The problem is that this code works perfect if files list has only one element. As soon as as there are more than 1 elements, the transform 'String To BigQuery Row' errors out and says error: nothing to repeat [while running 'String To BigQuery Row']. This probably is related to the regex module but I can't figure out what's wrong because it works perfectly when given 1 file.

Edit: Strangely it runs well via DirectRunner. I'm passing the requirements.txt file as given here.

This is how I'm executing the pipeline:

python streaming_inserts.py --runner=DataFlowRunner --project=my-project --temp_location=gs://temp/ --staging_location=gs://stage/  --requirements_file requirements.txt --disk_size_gb 1000 --region us-east1

My requirements.txt looks like this:

regex
google-cloud-storage

Also, as per logs, the package is being installed: enter image description here

1

1 Answers

6
votes

OP's comment made me realize my mistake: the intended library is regex, not python's builtin re.

Using import regex as re was not only confusing to me, but is also causing the re library to throw the nothing to repeat error. This is because Dataflow does not by default save your main session.

When the code in your parsing function is being executed, it doesn't have access to the context of re you imported at build time. Normally, this would fail with a NameError, but because you're using a valid library name, the code assumes you mean the builtin re library and tries to execute it as such.

If you use import regex instead, you'll see NameError: name 'regex' is not defined, which is the real reason the code is failing. To get around this, either move the import statement into the parsing function itself, or pass --save_main_session as an option to the runner.

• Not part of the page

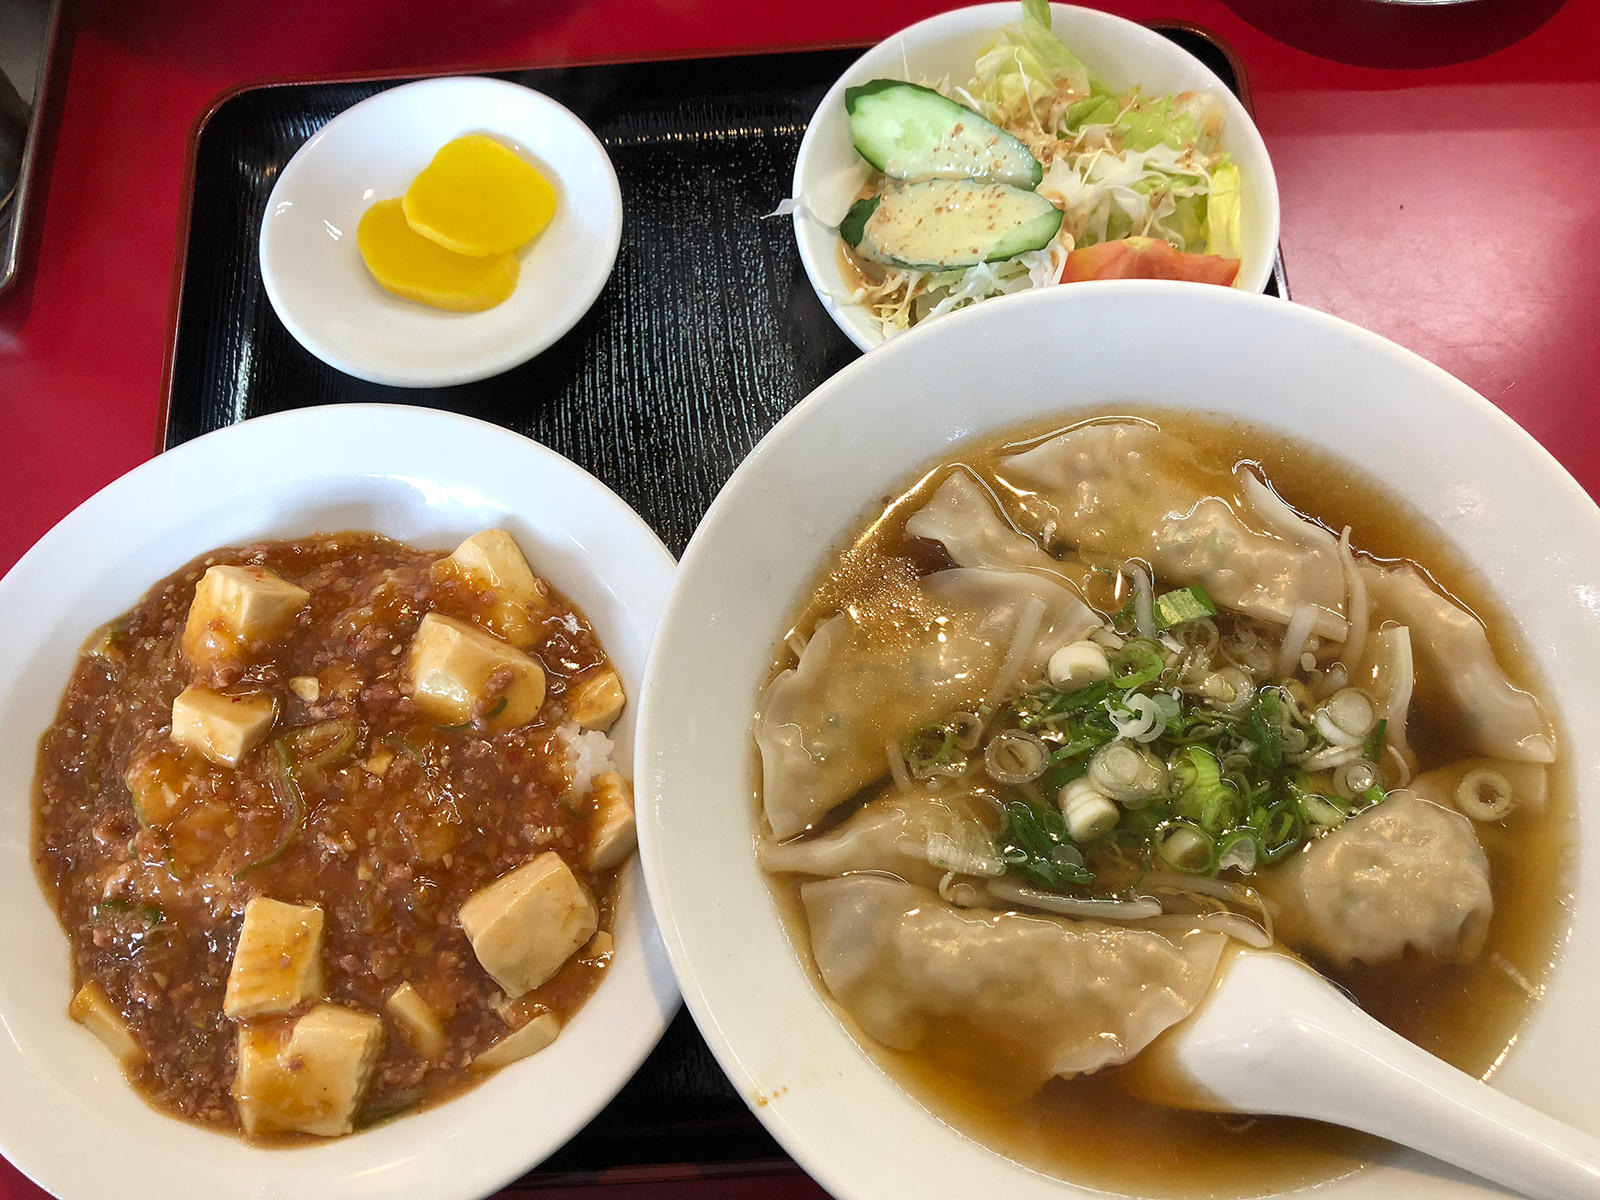 「中華料理 龍貴」の麻婆飯と水餃子のランチ @中小田井

See here for more details.


Old answer:

While I can't tell what version of Python you're using, it seems that your suspicion about the regex is correct. * is a special character indicating repeats of what came before it, but ( is a special character that signifies a grouping, so a pattern like (*SKIP) doesn't seem grammatically correct.

In Python 3.7, the above expression doesn't even compile:

python -c 'import re; rx = re.compile(r"""\{[^{}]+\}(*SKIP)(*FAIL)|,""")'
Traceback (most recent call last):
  File "<string>", line 1, in <module>
  File "/home/ajp1/miniconda3/envs/b-building/lib/python3.7/re.py", line 234, in compile
    return _compile(pattern, flags)
  File "/home/ajp1/miniconda3/envs/b-building/lib/python3.7/re.py", line 286, in _compile
    p = sre_compile.compile(pattern, flags)
  File "/home/ajp1/miniconda3/envs/b-building/lib/python3.7/sre_compile.py", line 764, in compile
    p = sre_parse.parse(p, flags)
  File "/home/ajp1/miniconda3/envs/b-building/lib/python3.7/sre_parse.py", line 930, in parse
    p = _parse_sub(source, pattern, flags & SRE_FLAG_VERBOSE, 0)
  File "/home/ajp1/miniconda3/envs/b-building/lib/python3.7/sre_parse.py", line 426, in _parse_sub
    not nested and not items))
  File "/home/ajp1/miniconda3/envs/b-building/lib/python3.7/sre_parse.py", line 816, in _parse
    p = _parse_sub(source, state, sub_verbose, nested + 1)
  File "/home/ajp1/miniconda3/envs/b-building/lib/python3.7/sre_parse.py", line 426, in _parse_sub
    not nested and not items))
  File "/home/ajp1/miniconda3/envs/b-building/lib/python3.7/sre_parse.py", line 651, in _parse
    source.tell() - here + len(this))
re.error: nothing to repeat at position 11

Python 2.7.15 doesn't accept it either:

python2 -c 'import re; rx = re.compile(r"""\{[^{}]+\}(*SKIP)(*FAIL)|,""")'
Traceback (most recent call last):
  File "<string>", line 1, in <module>
  File "/usr/lib/python2.7/re.py", line 194, in compile
    return _compile(pattern, flags)
  File "/usr/lib/python2.7/re.py", line 251, in _compile
    raise error, v # invalid expression
sre_constants.error: nothing to repeat

While I don't know what strings you're trying to match, I suspect some of your characters need to be escaped. e.g. "\{[^{}]+\}(\*SKIP)(\*FAIL)|,"